Leinster have also known icons such as BOD, Felipe Contepomi and Shane Horgan. However the most striking thing to me as my mind went through these cult heroes is that I don’t think there are many icons left. I believe rugby has an issue at the moment with icons (i.e. there’s an absence of them).
I would have to exclude Connacht from this theory, John Muldoon will go down in Connacht rugby folklore, as will Bundee Aki. How could their first league success not breed a crop of legends? In the traditional big two however, I don’t get the same sense and I’ve spent the past few days wondering why.
Injuries are a big reason. Peter O’Mahoney is old school Munster, a man born maybe 10 years too late who wears his pride and passion on his sleeve. His injury against France in the World Cup robbed him of a year at his peak. He was inspirational on Saturday so perhaps I’ll change my mind if he gets a run of health but there in lies my point. The modern game is so attritional that players rarely get a couple of seasons in which to really build up a head of steam. I think the damage players are doing to themselves in what equates to several weekly car crashes is robbing them of their primes. I’m thinking of Sean O’Brien and Cian Healy when I say that.
More permanently I’m thinking of Stephen Ferris. The blindside flanker was a monster, someone to bring a level of physicality to the game that teams couldn’t handle. He has of course provided iconic moments.
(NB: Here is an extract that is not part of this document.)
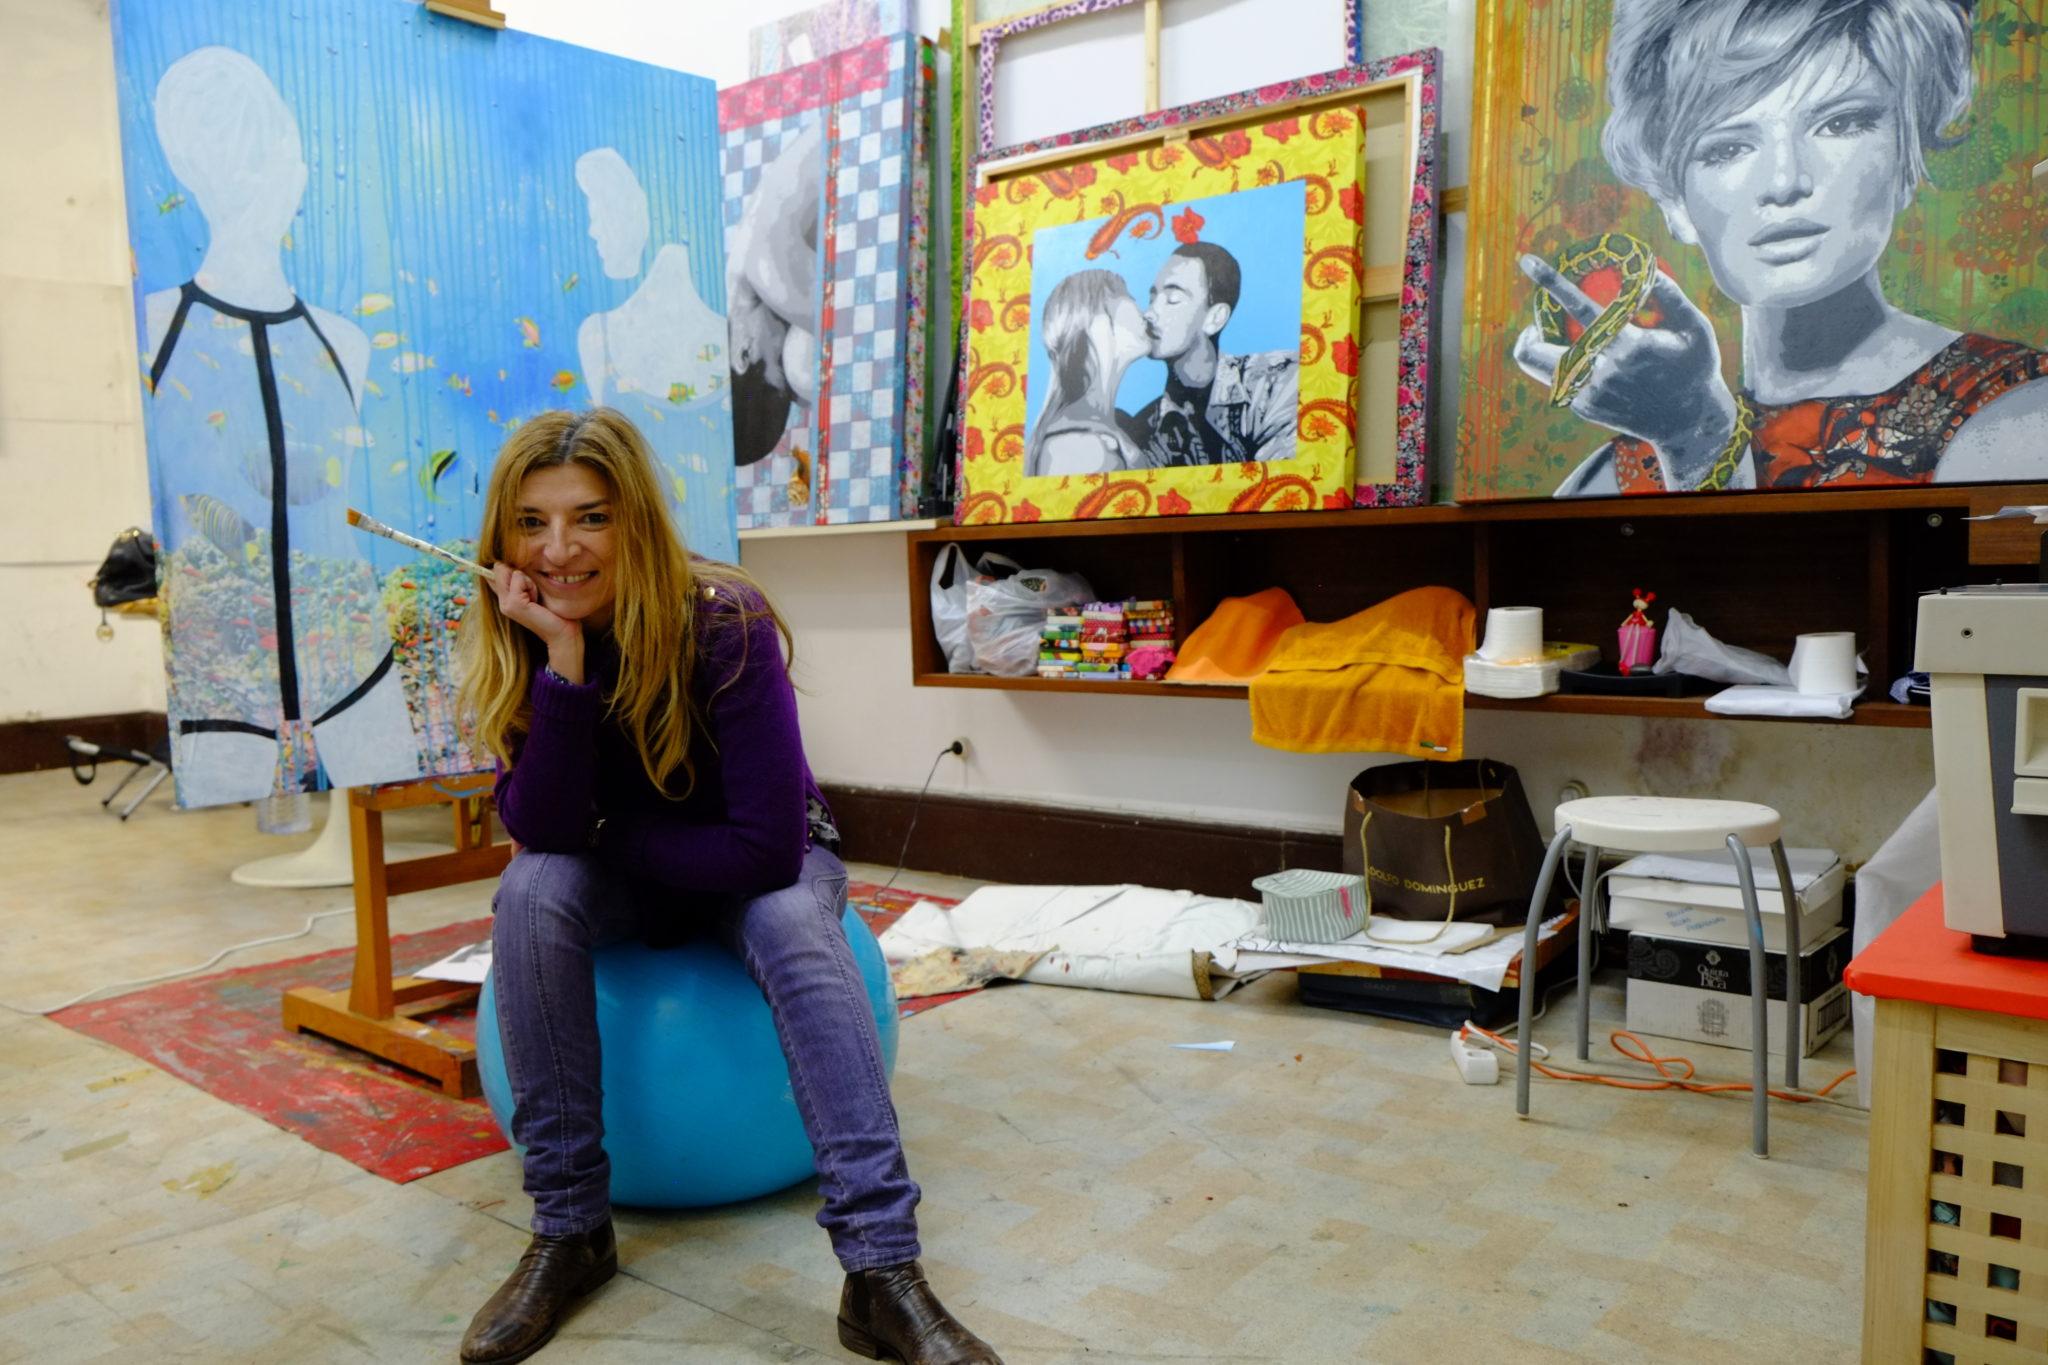 Exposição de Raquel Gralheiro inaugurada segunda-feira no Albergue SCM

The clip of him picking up and carrying Australia’s Will Genia in the 2011 World Cup is one of the great Irish sporting moments. However his early retirement after injury upon injury left us all wondering what might have been. Hopefully O’Brien and Healy aren’t heading the same way but even now they never seem able to stay healthy long enough to get back to the height of their powers.
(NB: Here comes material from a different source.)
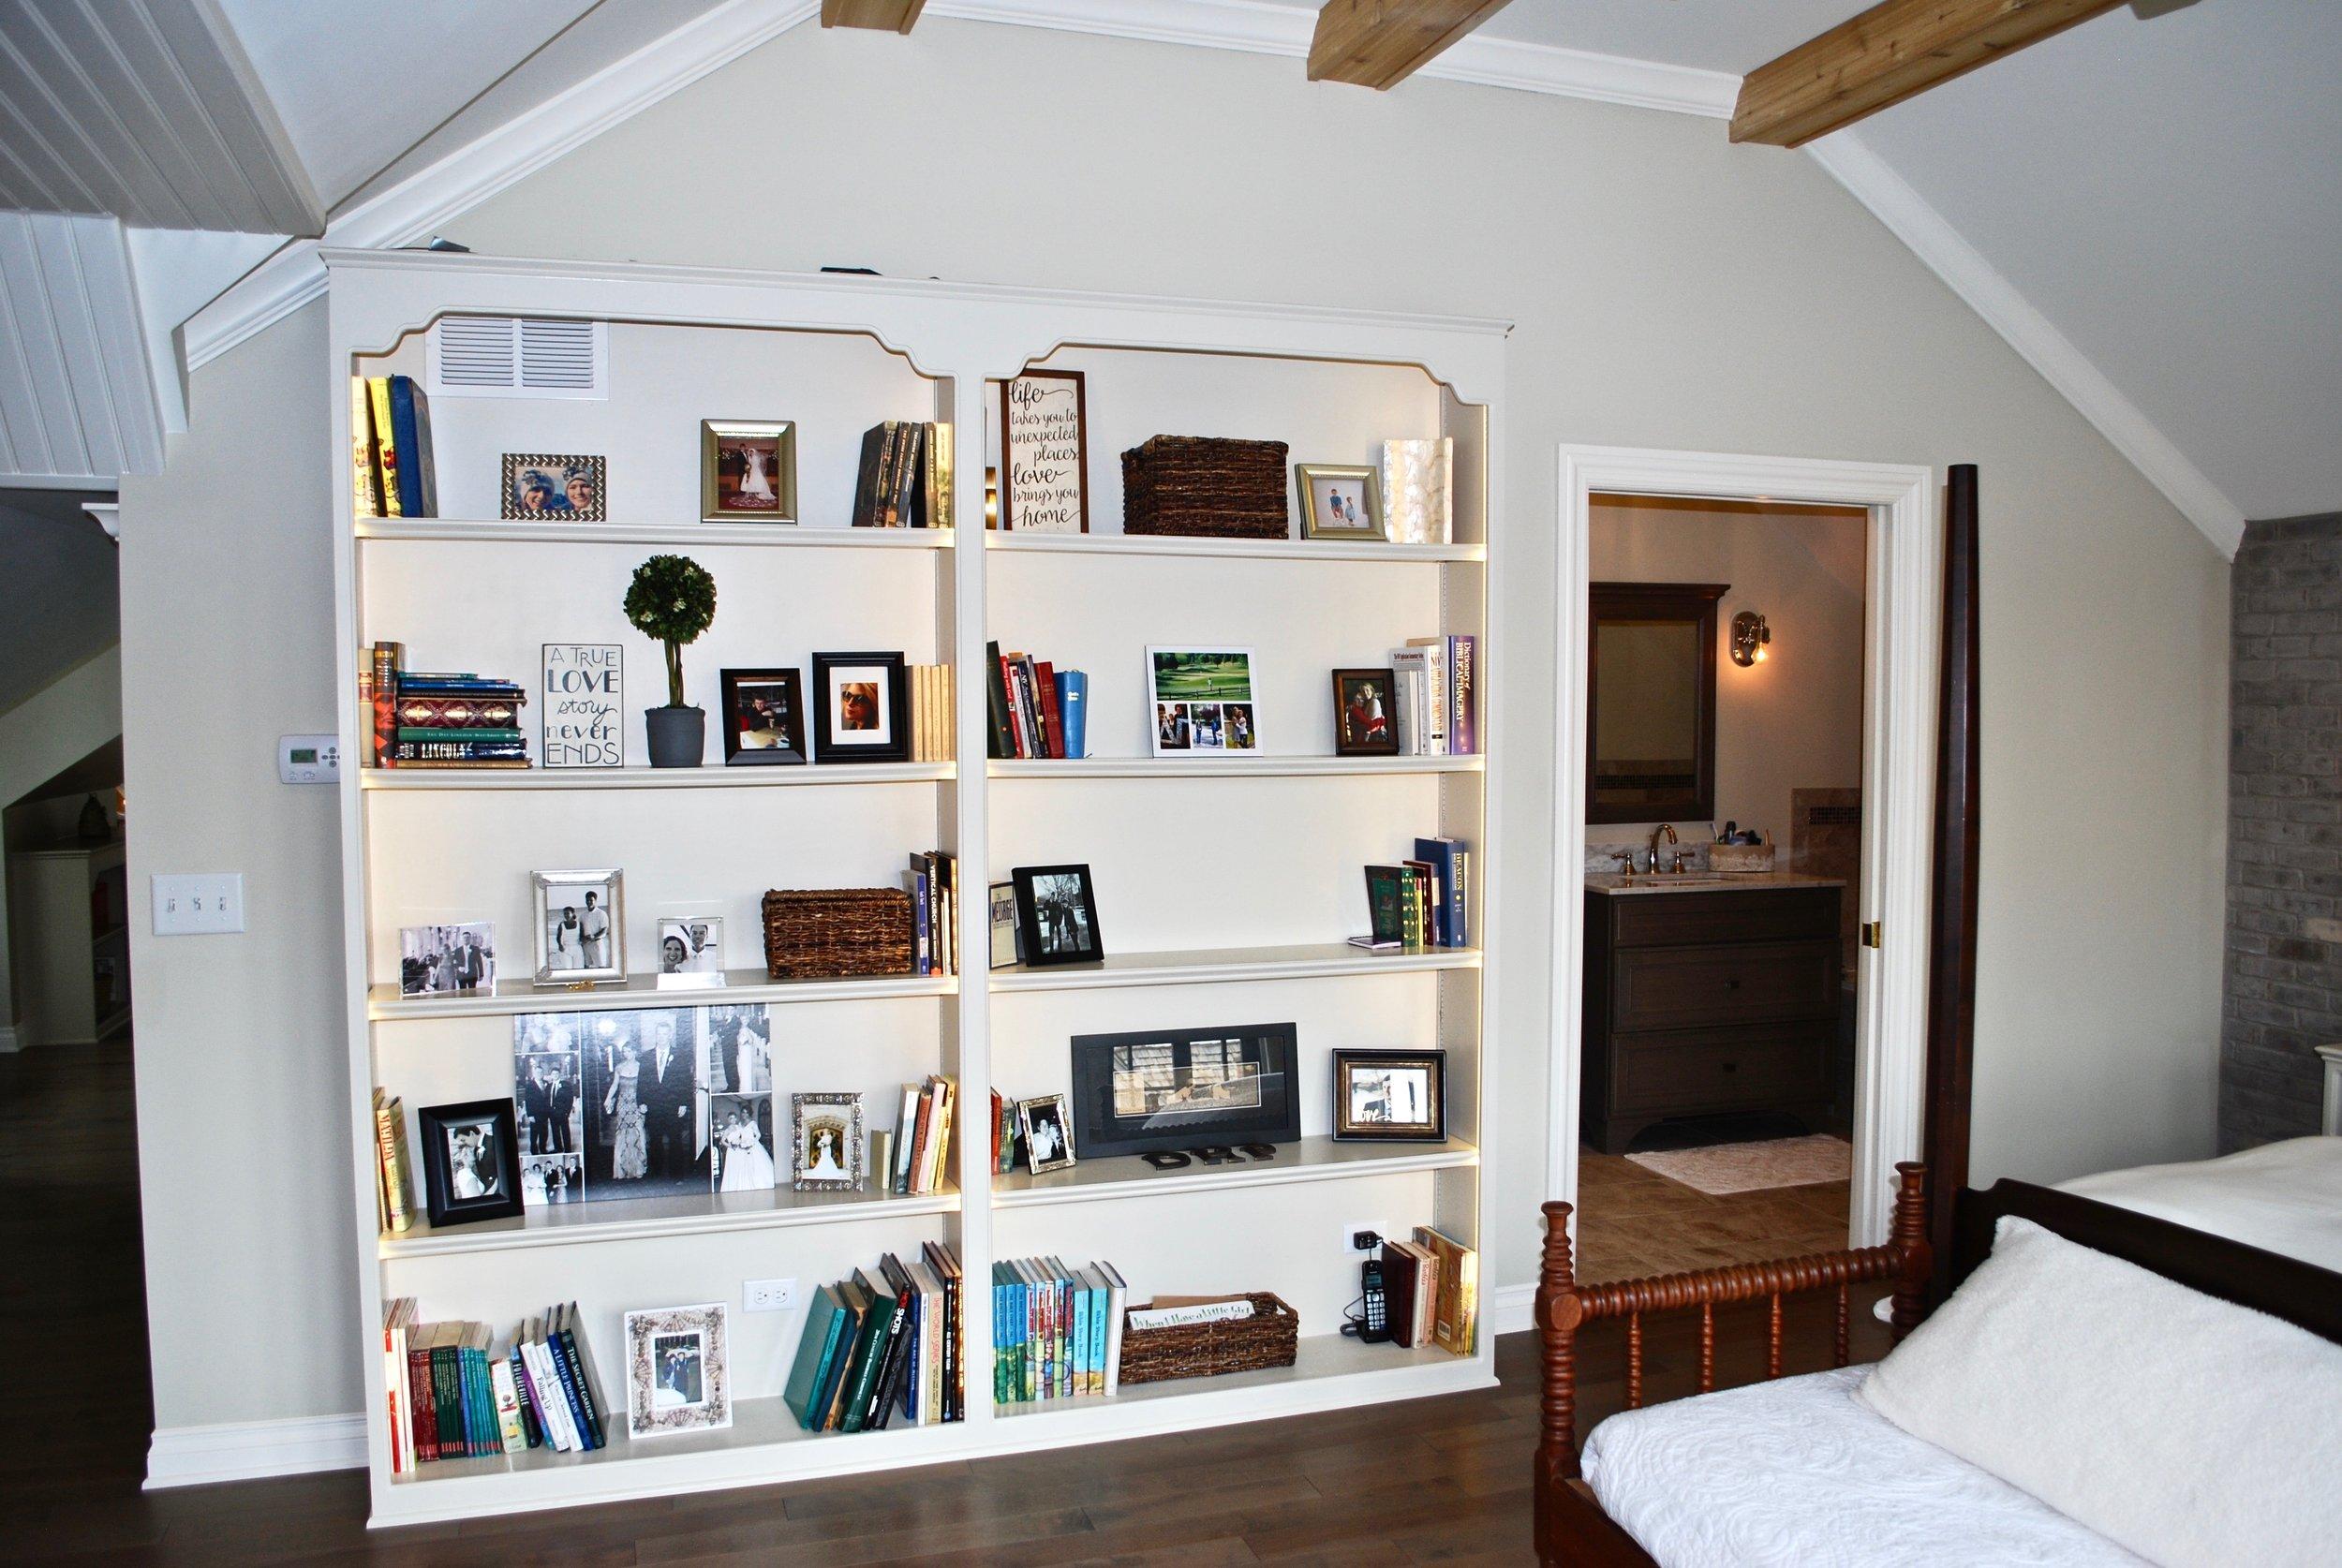 Built in Book Cases in Geneva IL Home Remodel St. Charles .jpg

I think success has something to do with it. CJ Stander is a hero down south but I would think Munster need to get out of their cycle of mediocrity for him to join the list of the truly great ones. Jonny Sexton and Isa Nacewa have known success and their great deeds will live long in the memory but their current incarnations are tied to an inconsistent Leinster team that is fighting to be the 6-8th best team in Europe nowadays.
The final reason I can come up with is the modern game itself. Systems are so refined, defences so airtight, that a game today between two any way equal sides consists of each side hammering into each other waiting for the other to make a mistake leading to a penalty or a line break which rarely leads to a long distance try anyway. O’Driscoll and Darcy made their names weaving in and out of defenders on the international stage, a near impossible feat for players born in the wrong era such as Simon Zebo and Luke Fitzgerald (another man robbed of his glory years by injury). Gary Ringrose seems to have a bit of magic in his feet, hopefully he gets the chance this November. For the moment though, rugby is about the team with the right plan and discipline. The maverick is a dying breed.
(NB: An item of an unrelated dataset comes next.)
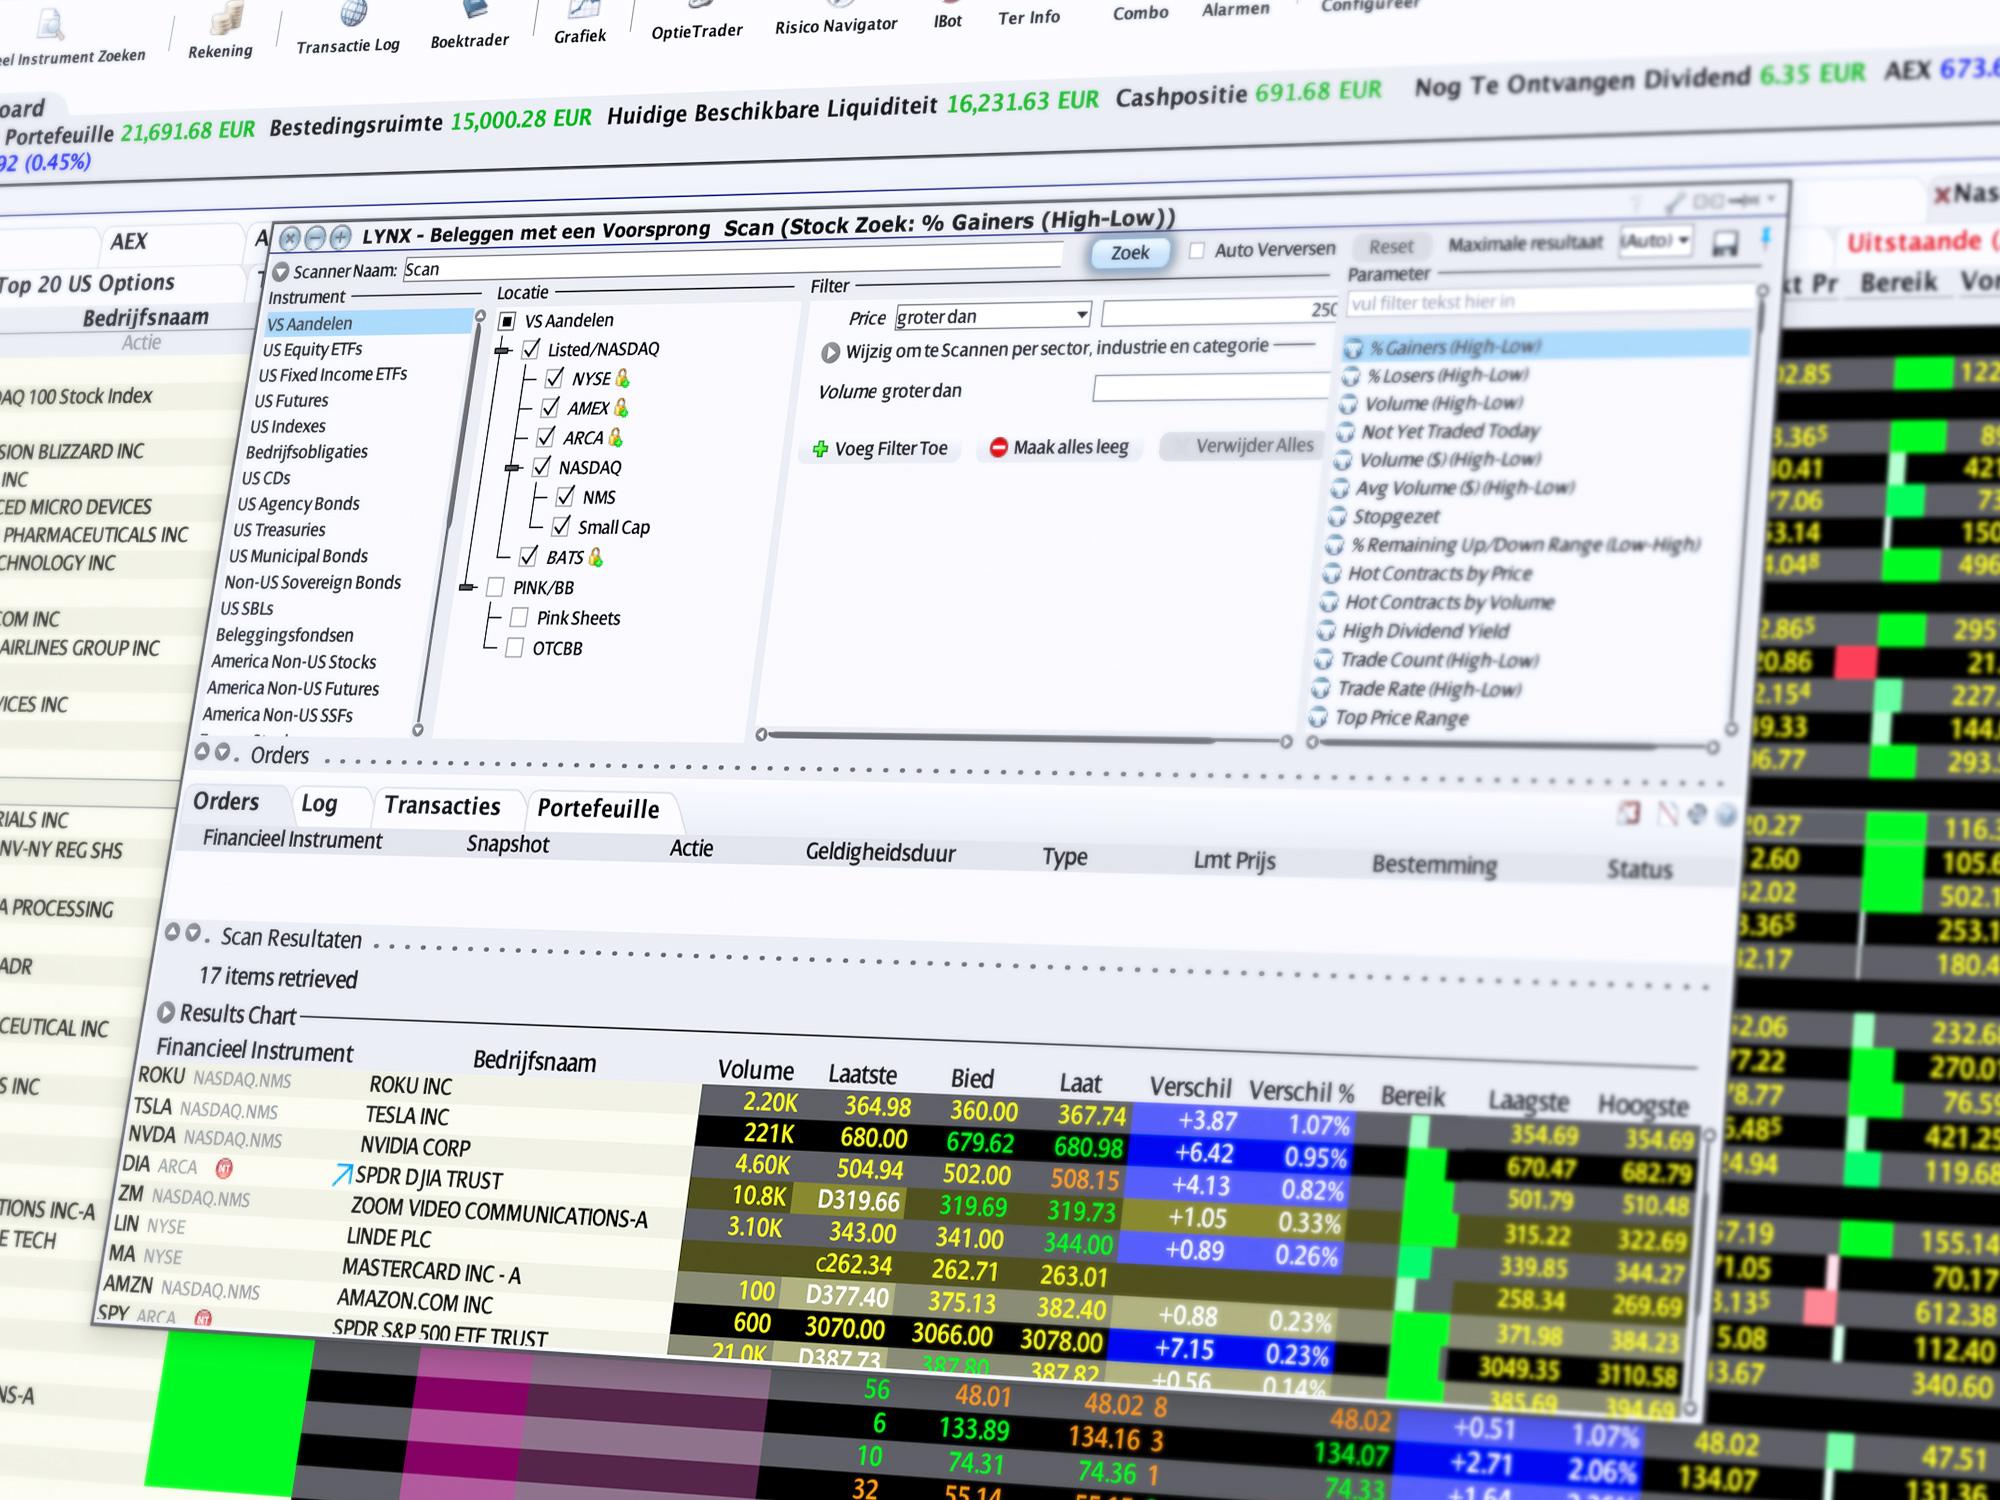 Markt Scanner - effecten zoeken

In Paul O’Connell’s new book he tells of how Joe Schmidt is looking for each player to do their job as outlined, if you don’t do this he’ll simply put a line through your name. I’m a massive Schmidt fan but you see my point, the system and processes are king which is why more limited but disciplined players like Dave Kearney will probably retire with more caps than Zebo.
If Ireland were to beat the All Blacks in one of their two chances over the next month, icon status would be afforded to the lads out there on the pitch. The same goes for if one of the provinces gives two fingers to the money fueled English and French clubs by going on a serious run in the Champions Cup. I really hope that happens because as one Irish icon was laid to rest far too early last week, I become increasingly worried about the growing accuracy of the phrase “We’ll never see his like again”.